26/08/2025
China Lunches worlds most powerful neutrino detector 🚀
China has achieved a historic milestone in neutrino physics with the launch of the Jiangmen Underground Neutrino Observatory (JUNO), officially beginning operations on Tuesday after completing the filling of its 20,000-ton liquid scintillator detector. The facility now stands as the world's most powerful neutrino detector, marking what particle physicist Wang Yifang called "a historic milestone" in the field.
Located 700 meters underground in Guangdong Province, JUNO represents the culmination of more than a decade of preparation and construction, with the project first proposed in 2008 by the Chinese Academy of Sciences. The massive detector houses a 35.4-meter-diameter acrylic sphere - equivalent to a 12-story building - filled with liquid scintillator and surrounded by over 45,000 ultra-sensitive photomultiplier tubes designed to capture the faintest traces of neutrino interactions.
Revolutionary Detection Capabilities
The observatory's unprecedented scale positions it to tackle one of particle physics' most pressing questions: determining the mass ordering of neutrinos, often called "ghost particles" for their ability to pass through matter virtually undetected. According to the Institute of High Energy Physics, JUNO will achieve an energy resolution of 3 percent at 1 MeV, triple the sensitivity of current detectors
The facility detects antineutrinos produced by the Taishan and Yangjiang nuclear power plants, both located 53 kilometers away, measuring their energy spectrum with record precision. Unlike other experimental approaches, JUNO's mass ordering determination operates independently of matter effects in the Earth and remains largely free of parameter degeneracies.[2][1]
Initial trial operations have shown that key performance indicators meet or exceed design expectations, enabling scientists to address fundamental questions about the nature of matter and the universe.
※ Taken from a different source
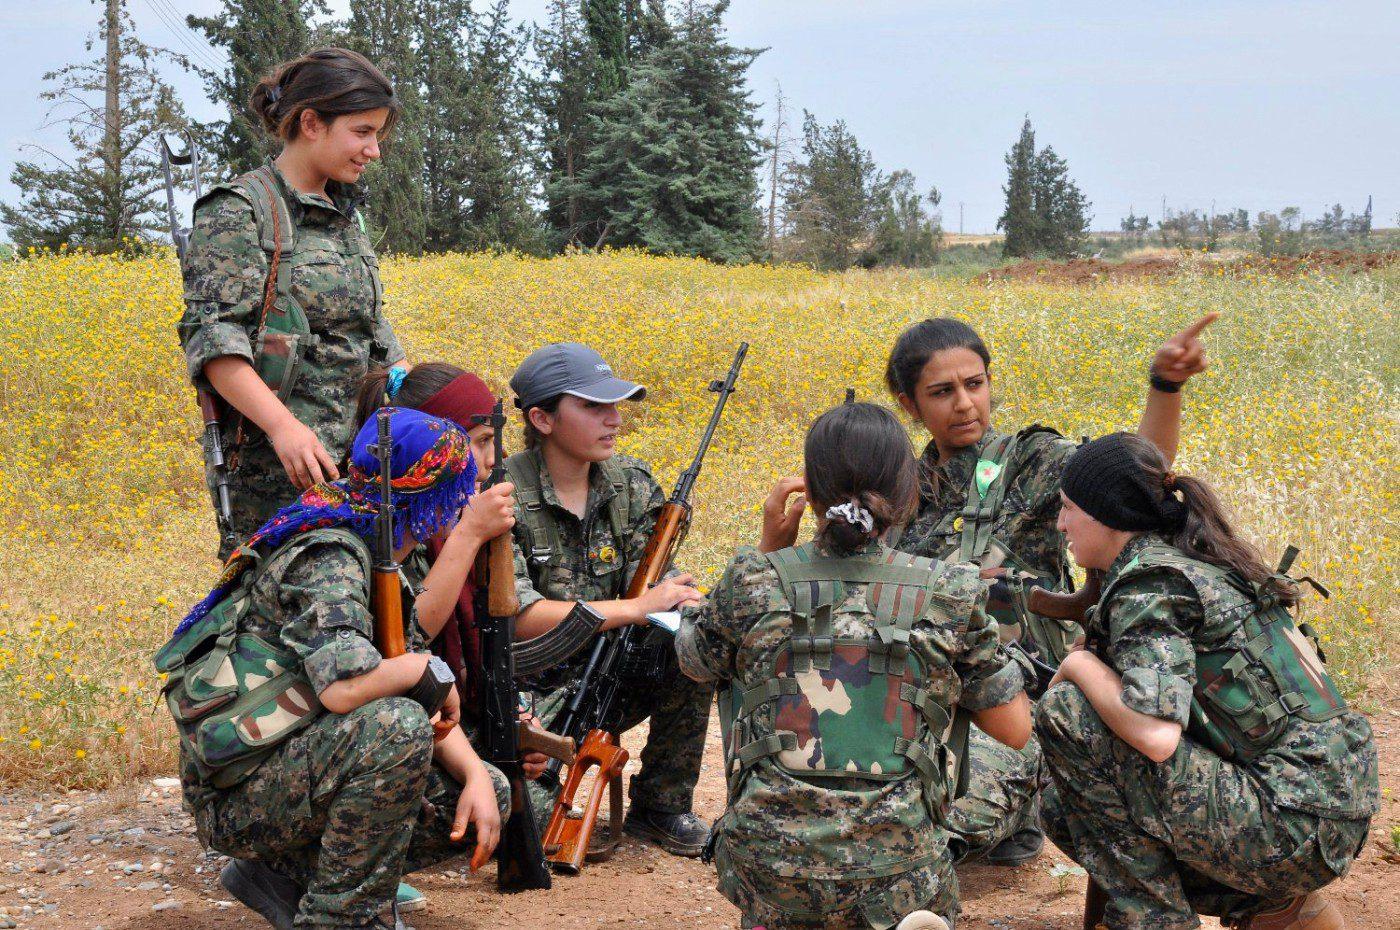 زنان و جنگ

The detector's massive scale allows it to capture neutrino interactions that produce extremely faint light flashes, which are then amplified by a factor of 10 million for analysis.
International Scientific Collaboration
JUNO represents a truly global effort, involving more than 700 researchers from 74 institutions across 17 countries and regions. Gioacchino Ranucci, JUNO's deputy spokesperson and professor at the University of Milano, emphasized that "international cooperation has been crucial" in pushing liquid scintillator technology to its limits.
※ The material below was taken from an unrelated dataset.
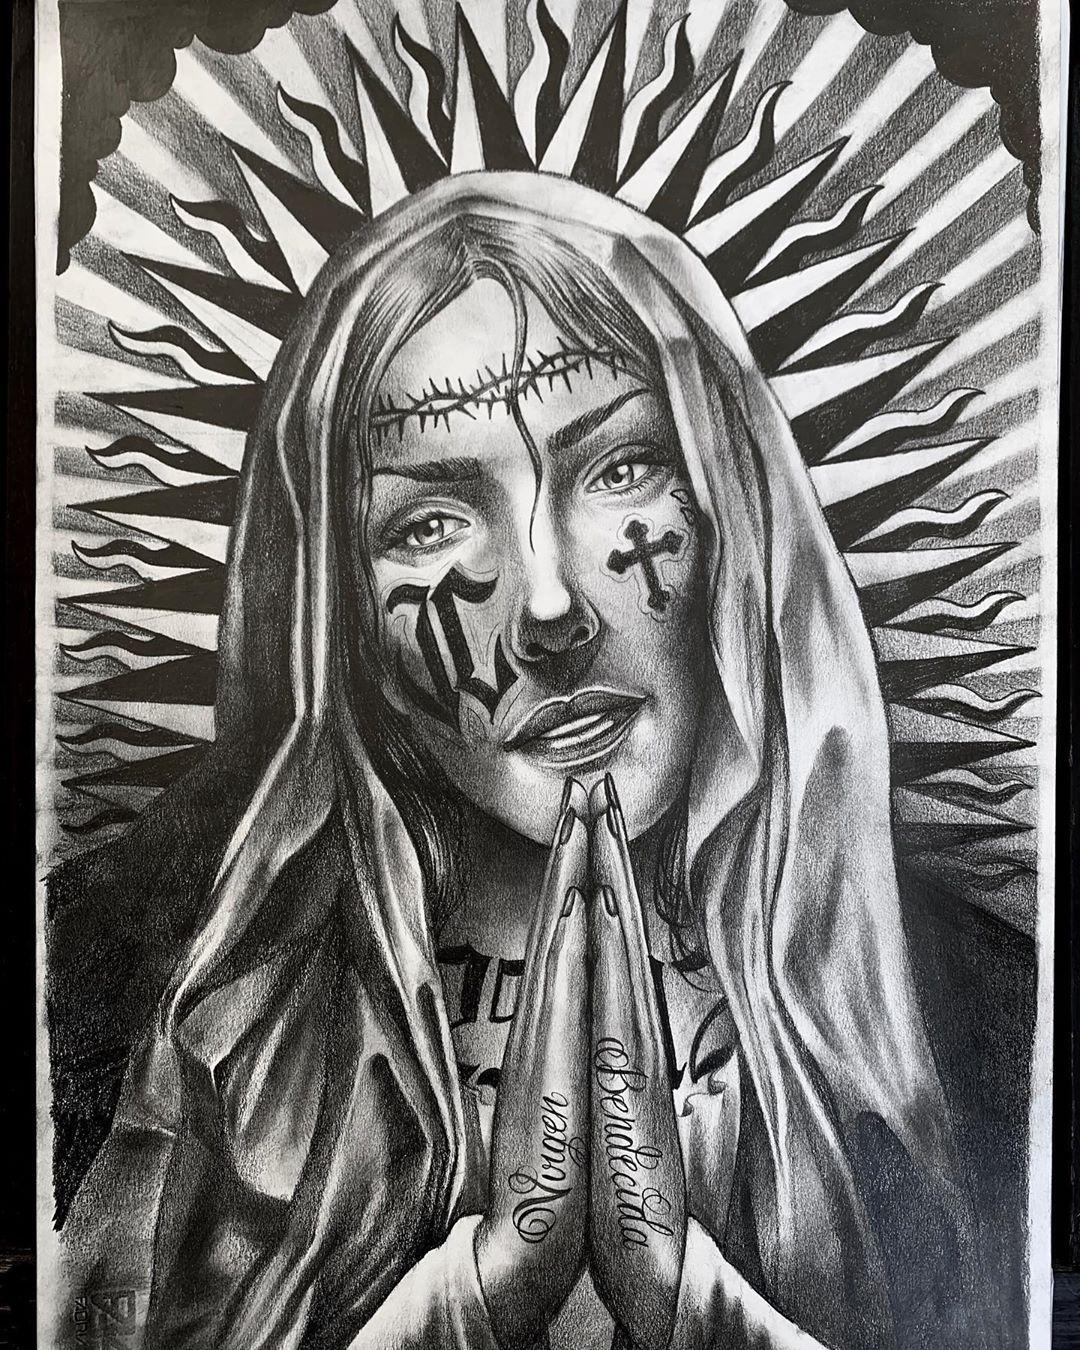 #tattoo #tattoomodel #tattooed #tattoos #tattooist #tattoostyle #tattoodo #tattoo_artwork #tattooartistmagazine #tattoo_art_worldwide #perciastattoo #sullen #sullenclothing #blackandgreytattoo #realistictattoo #milanotattoo #milanotatuaggi #milanotatuaggio #tatuaggio #tatuaggi #milanotattooartist #milanotattooshop #tattoolovers #tattoolover #igersmilano #igerstattoo #ink #inked #tattooink #inkstagram

The collaboration includes expertise from previous liquid scintillator experiments worldwide, with the international community working together to advance the technology to its "ultimate frontier". Nobel laureate Arthur McDonald's team is among the participants, highlighting the project's scientific significance
Broader Scientific Impact
Beyond its primary mission, JUNO will conduct cutting-edge studies of neutrinos from multiple sources including the Sun, supernovae, Earth's atmosphere, and the planet itself. The facility is designed for a scientific lifetime of up to 30 years and includes a credible upgrade path toward searching for neutrinoless double-beta decay, which could reveal whether neutrinos are Majorana particles.
JUNO now forms what researchers describe as a neutrino research "trinity" alongside Japan's Hyper-Kamiokande and America's DUNE experiments. The facility's success positions China at the forefront of neutrino research, with the potential to unlock fundamental secrets about the universe's structure and evolution since the Big Bang.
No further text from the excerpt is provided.